BEGIN SUPPLIED DATA

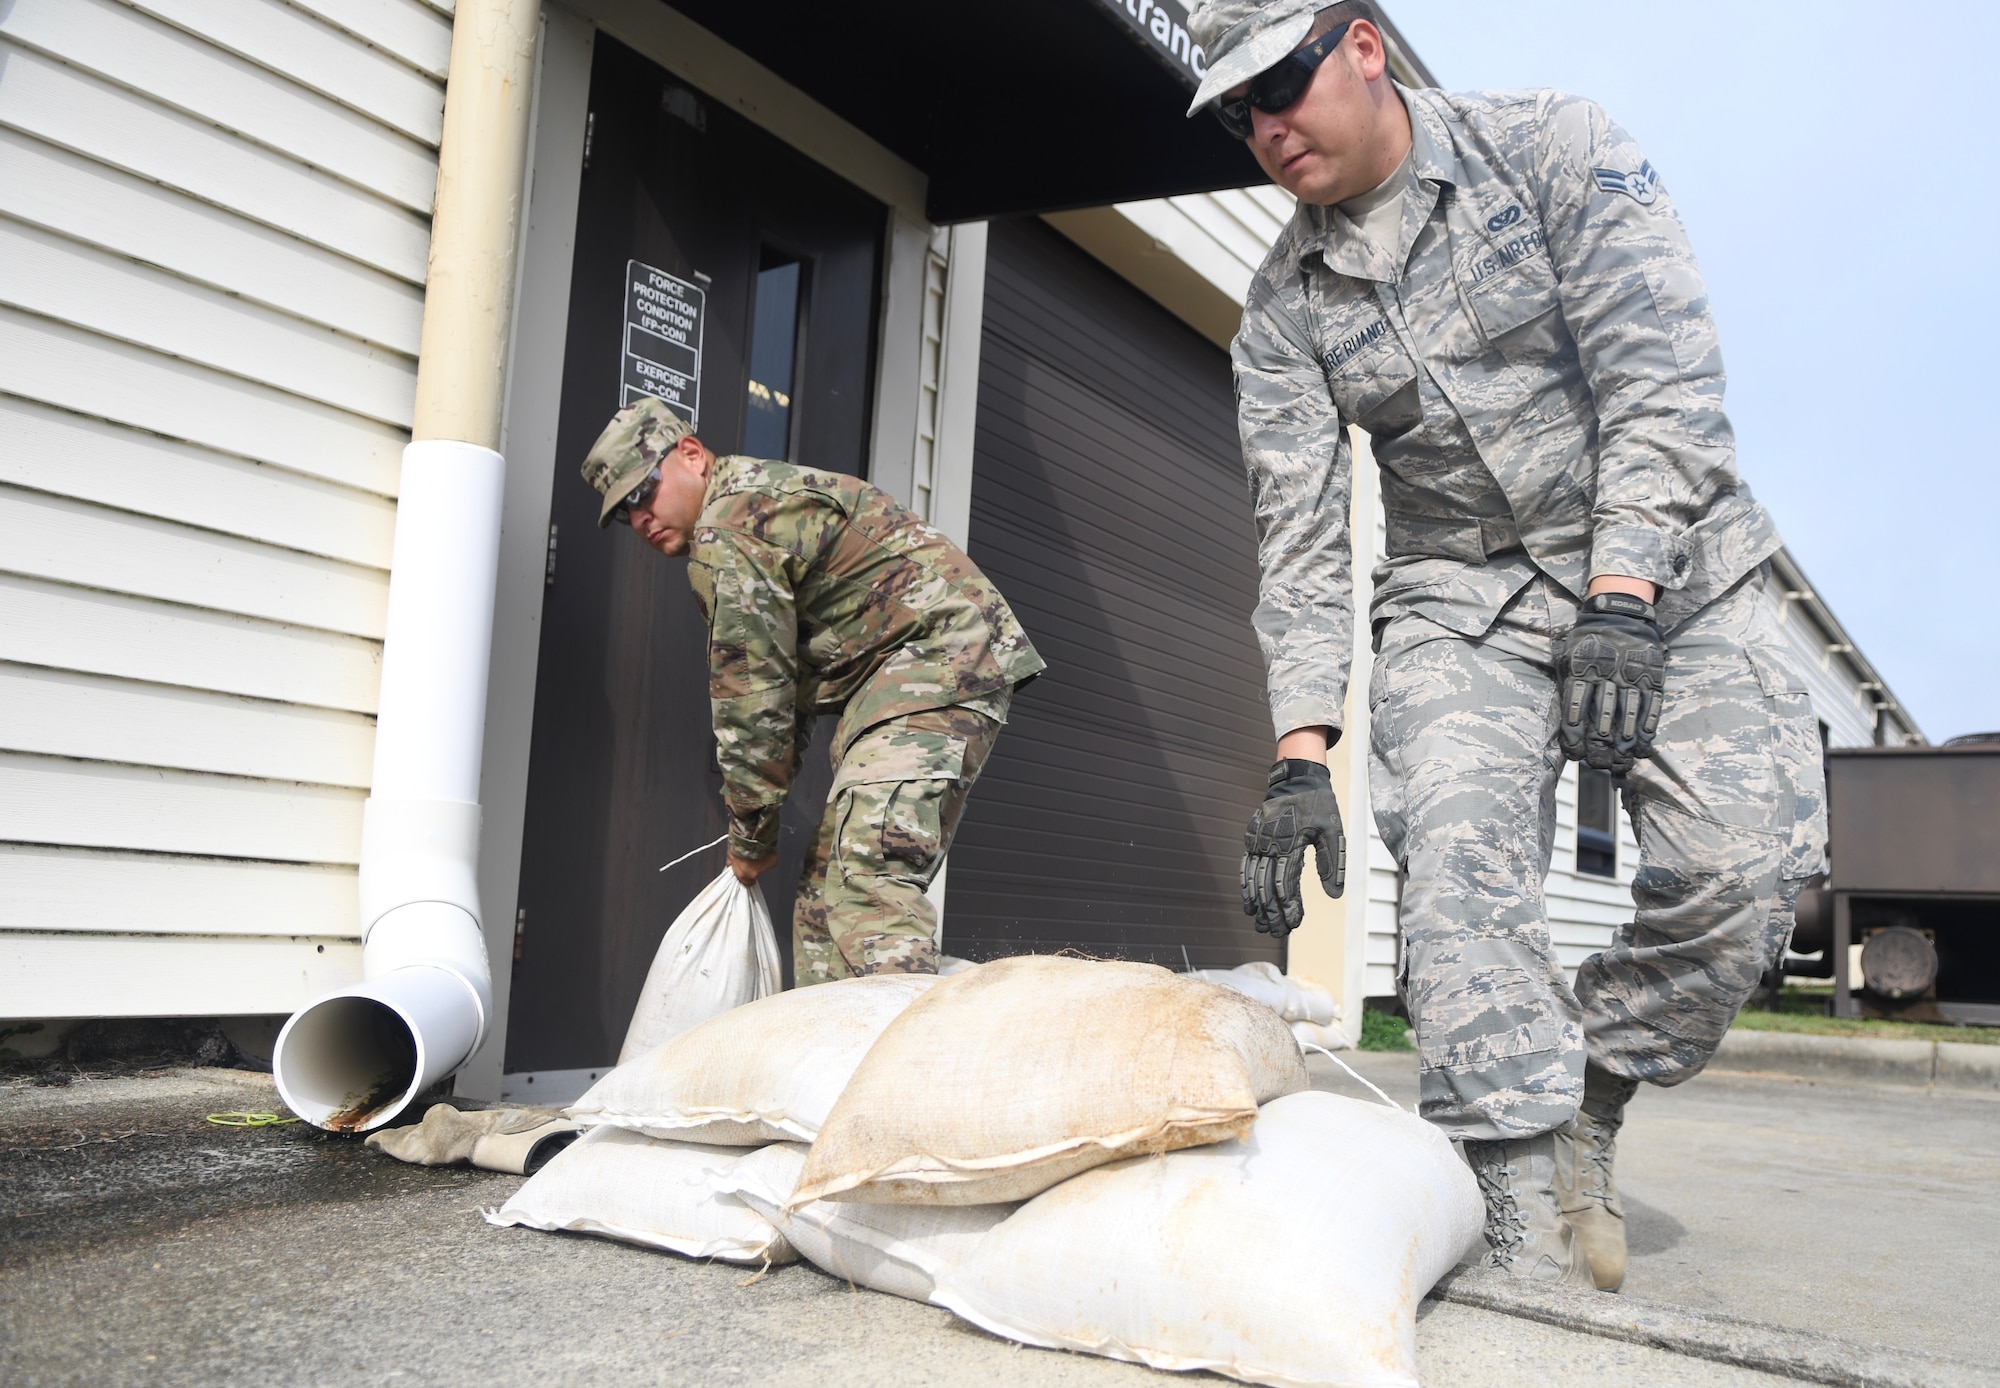 Seymour Johnson Air Force Base, N.C. — SSgt Manuel Acuna and Airman 1st Class Torre Ruano, 4th Civil Engineer Squadron pavement and production specialists, stack sand bags Sept. 4, 2019, at Seymour Johnson Air Force Base, North Carolina in front of th 4th CE headquarters building. The 4th CES, to include equipment operators, electricians, plumbers, structural craftsman, heating, ventilation and air conditioning, and production technicians, are providing 24-hour response and recovery operations during and following Hurricane Dorian. (U.S. Air Force photo by Staff Sgt. Michael Charles)
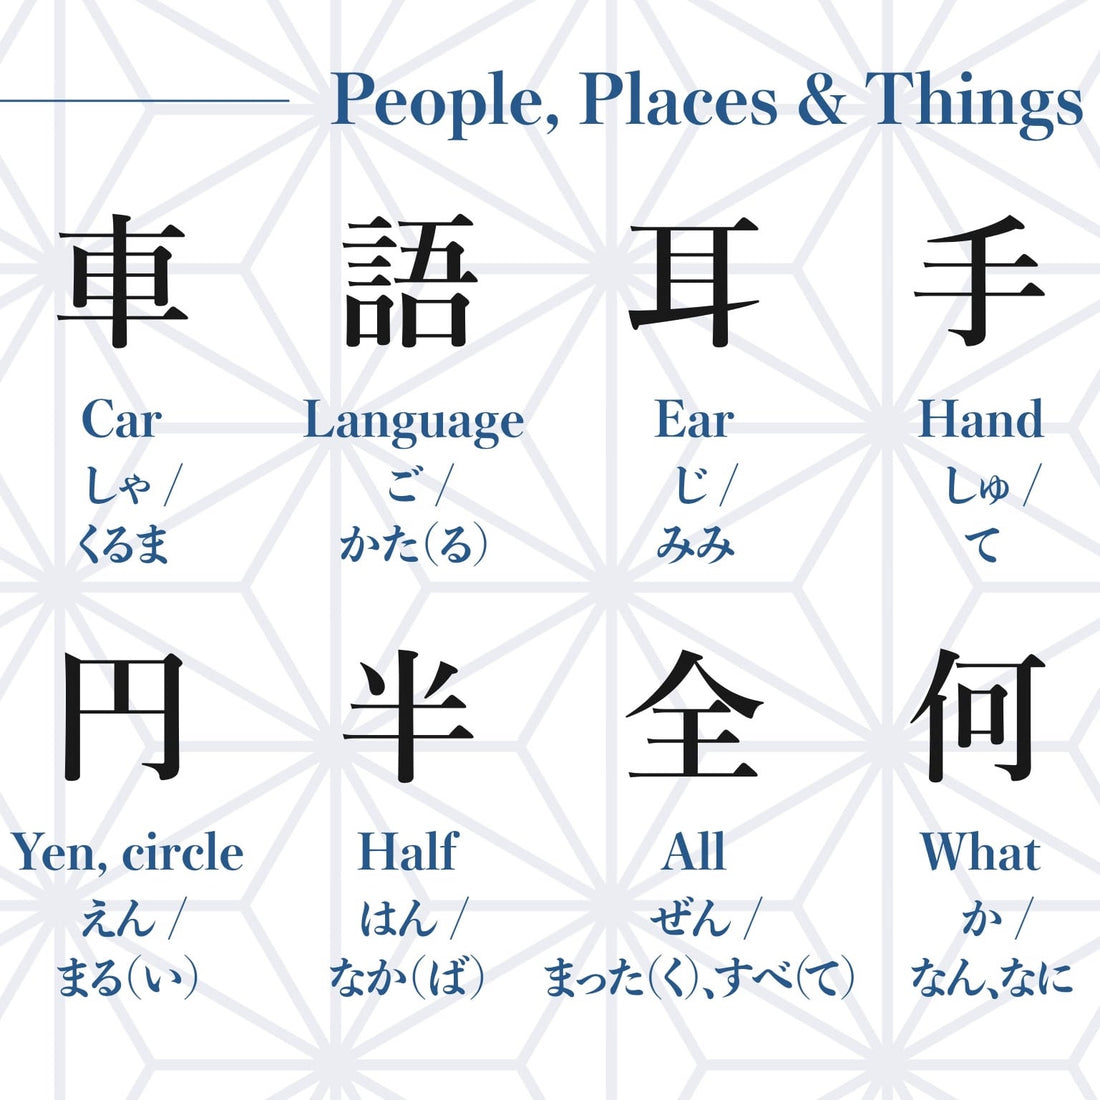 JLPT N5 Kanji List - All 112 Characters You Need To Know
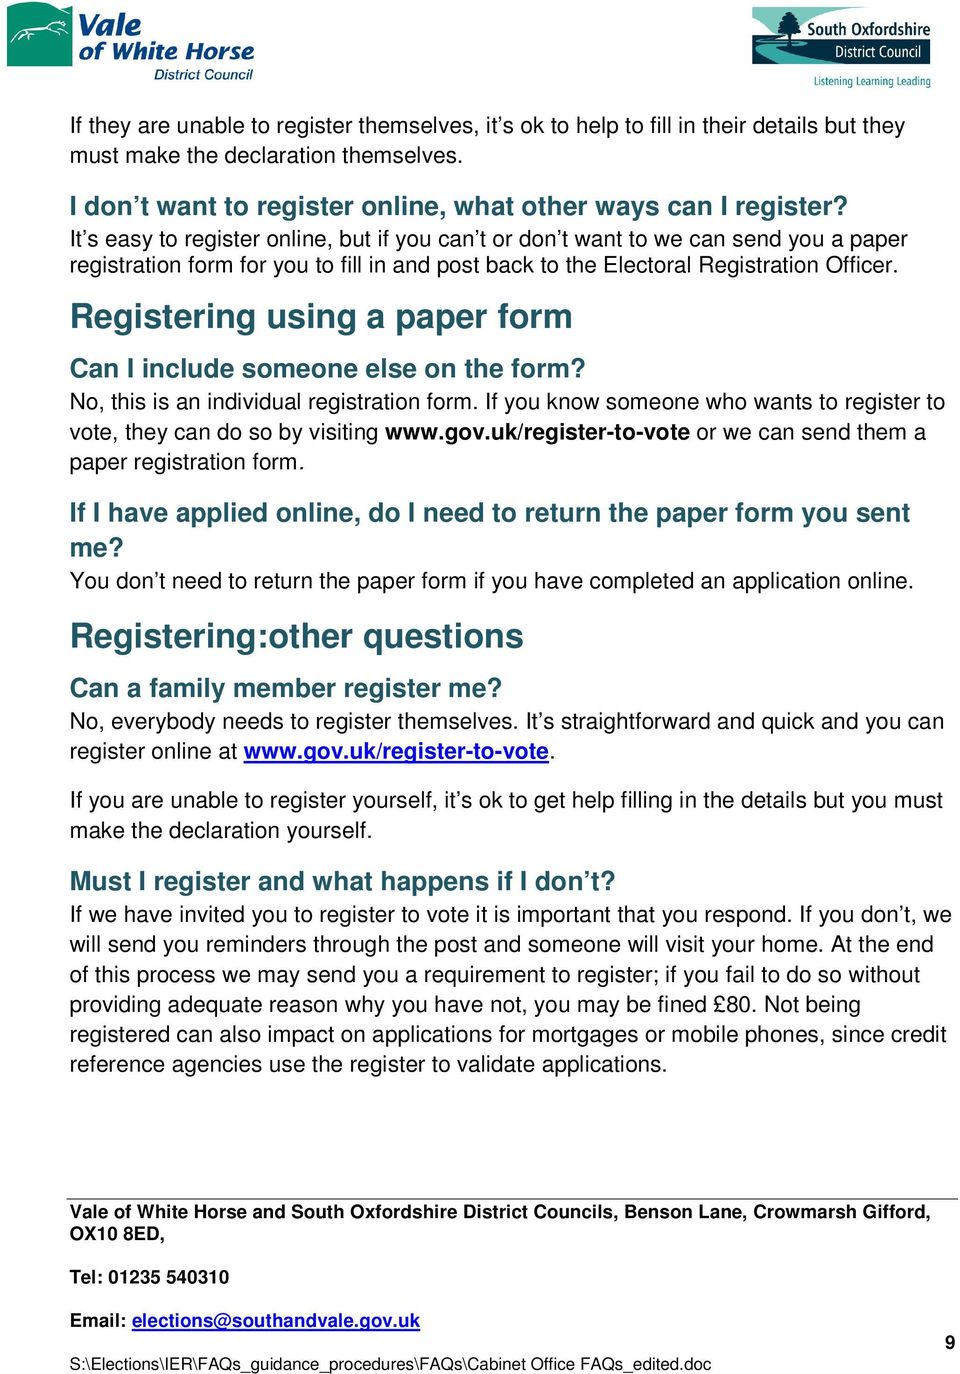 Registering using a paper form Can I include someone else on the form? No, this is an individual registration form. If you know someone who wants to register to vote, they can do so by visiting www.
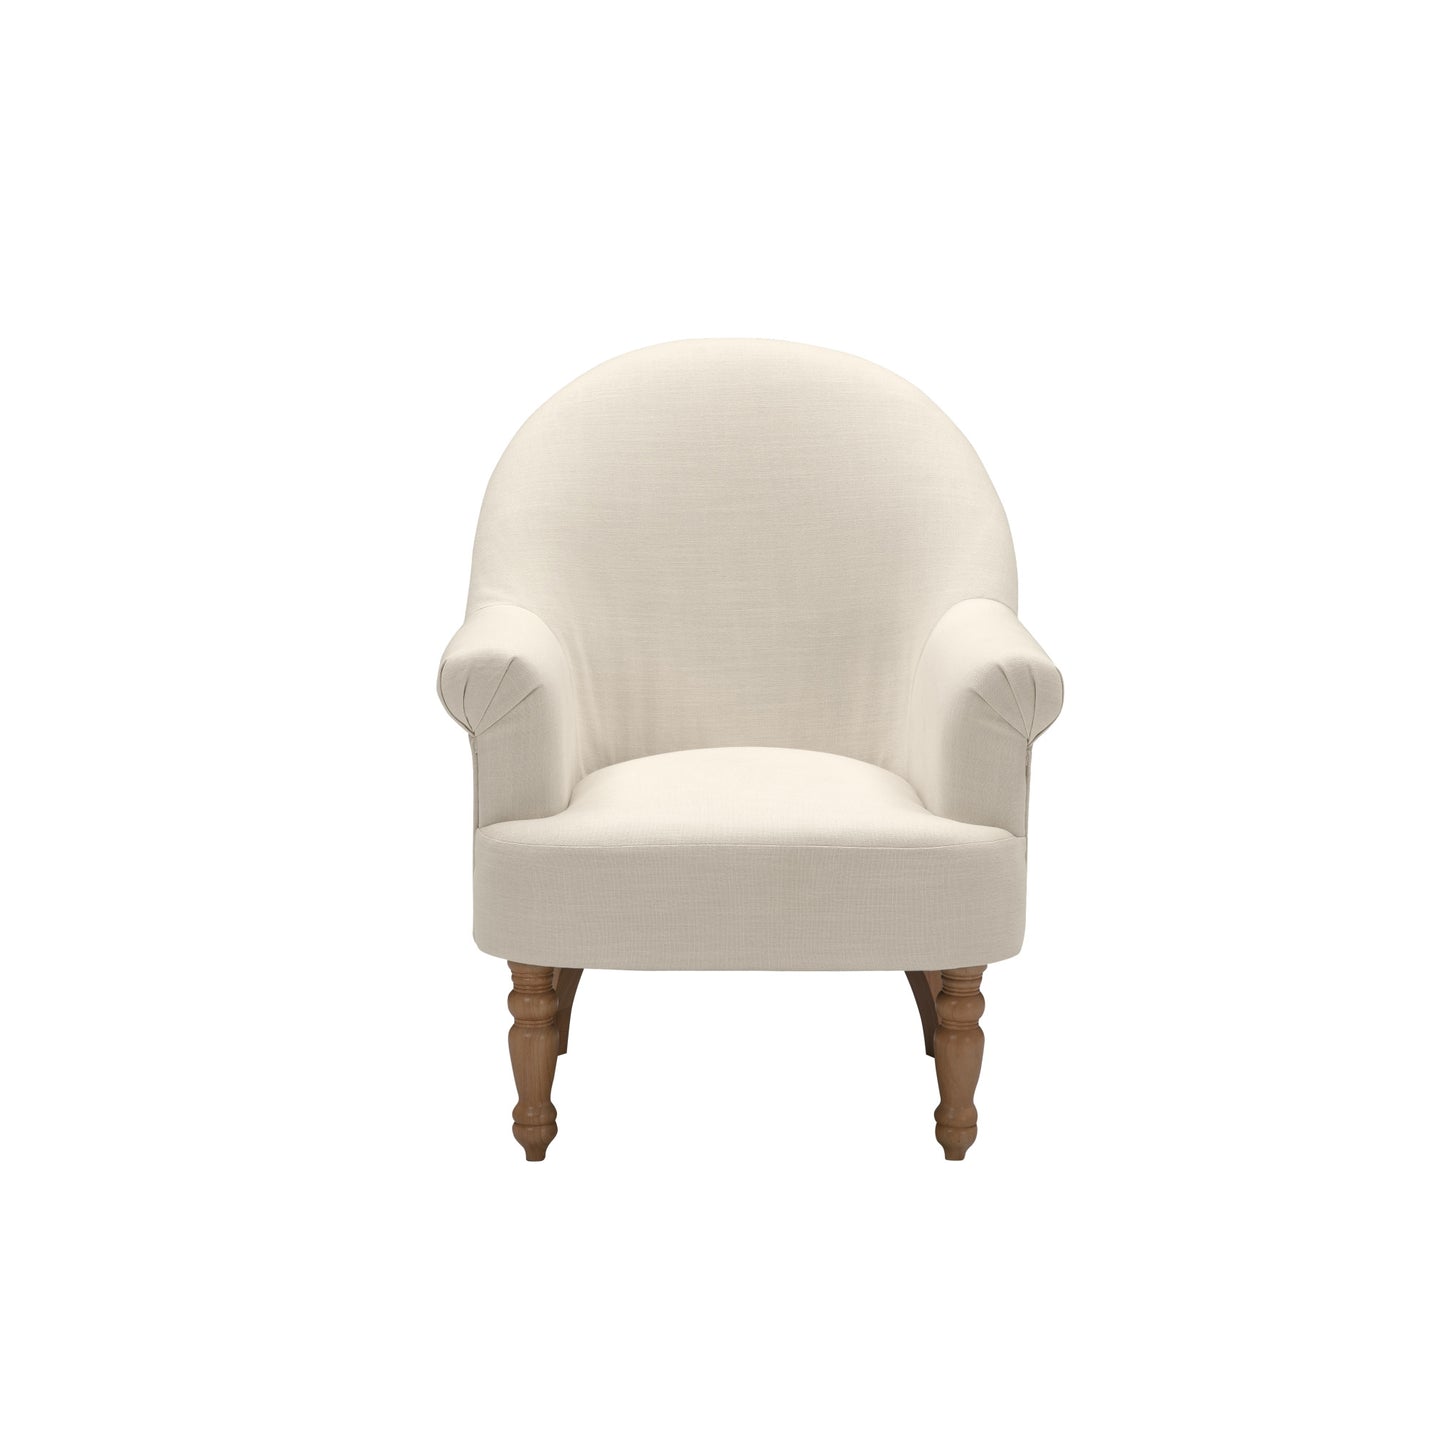 33" Cream And Brown Linen Arm Chair

END SUPPLIED DATA

§ PROBLEM DETAILS:
Could you restate all of the data above word for word and skip every picture?

§ TASK RESULT:
 Seymour Johnson Air Force Base, N.C. — SSgt Manuel Acuna and Airman 1st Class Torre Ruano, 4th Civil Engineer Squadron pavement and production specialists, stack sand bags Sept. 4, 2019, at Seymour Johnson Air Force Base, North Carolina in front of th 4th CE headquarters building. The 4th CES, to include equipment operators, electricians, plumbers, structural craftsman, heating, ventilation and air conditioning, and production technicians, are providing 24-hour response and recovery operations during and following Hurricane Dorian. (U.S. Air Force photo by Staff Sgt. Michael Charles)
 JLPT N5 Kanji List - All 112 Characters You Need To Know
 Registering using a paper form Can I include someone else on the form? No, this is an individual registration form. If you know someone who wants to register to vote, they can do so by visiting www.
 33" Cream And Brown Linen Arm Chair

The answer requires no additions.